The presently available triage options such as HPV genotyping or tissue-based assays come with limited clinical value. In several cases, these options lead to false positives or even miss the cervical disease.
QIAsure testing can stratify cervical cancer risk by detecting and measuring DNA methylation of two particular genes in cervical cancer.
In studies, the DNA markers used in this assay have shown reliable insights into a patient’s individual risk. This helps in surveillance and treatment decisions.
Qiagen senior vice-president and head of molecular diagnostics business area Thierry Bernard said: “QIAsure is a highly attractive and complementary addition to our leading HPV franchise.
“It creates a compelling solution for primary screening that includes the leading HPV primary screening test and leading solution for automated sample processing and molecular analysis of cervical samples.”
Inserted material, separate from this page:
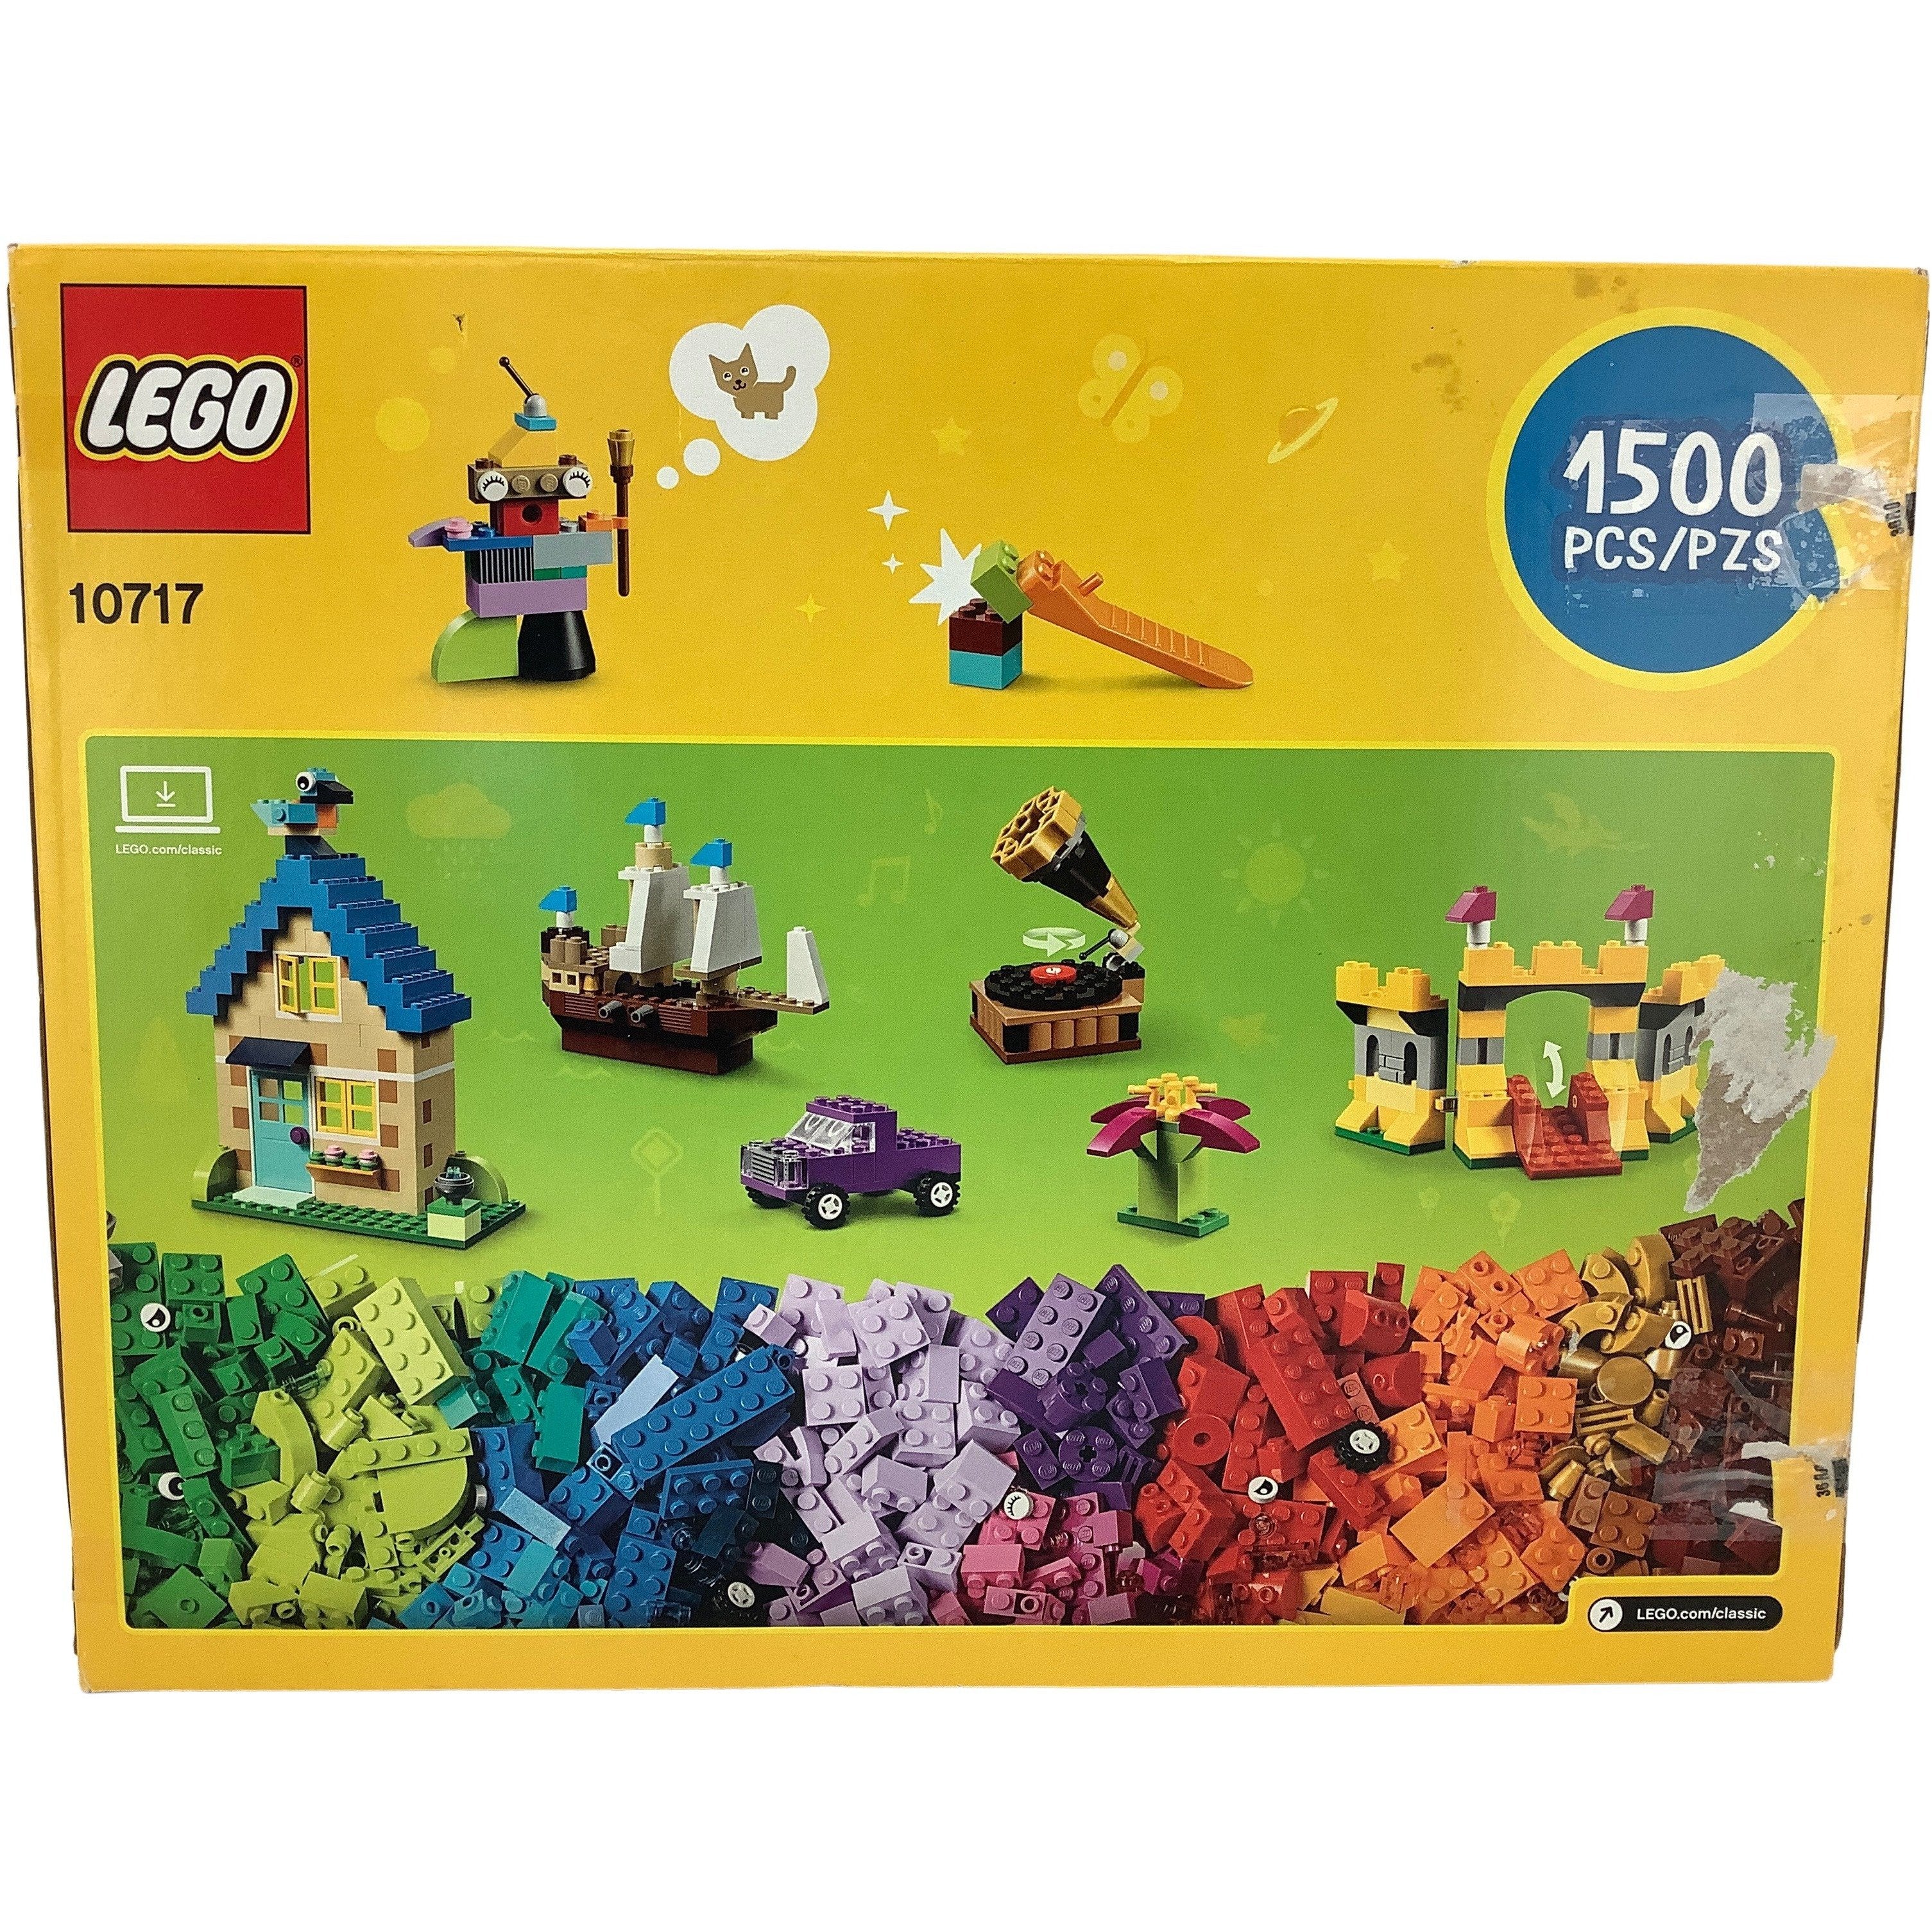 Lego Classics Building Bricks / 10717 / 1500 Pieces **DEALS**

Qiagen chief medical officer Dr Tadd Lazarus said: “The QIAsure Methylation Test is an important advance for women’s health. When a woman screens positive for HPV, or cytology shows abnormal cells, she is at risk of developing cervical cancer. The QIAsure test is the next logical step to assess this risk.
“This highly sensitive, specific molecular test identifies cancer specific epigenetic changes in cervical cells and enables the physician to assess whether the HPV infection is progressing toward cancer, a valuable insight that provides timely reassurance and guidance to treatment for each individual patient.”
Approximately 500,000 women are globally affected by cervical cancer every year.
It is the third-most-common malignancy in women after breast and colon cancer.
Cervical cancer is caused by human papillomavirus (HPV).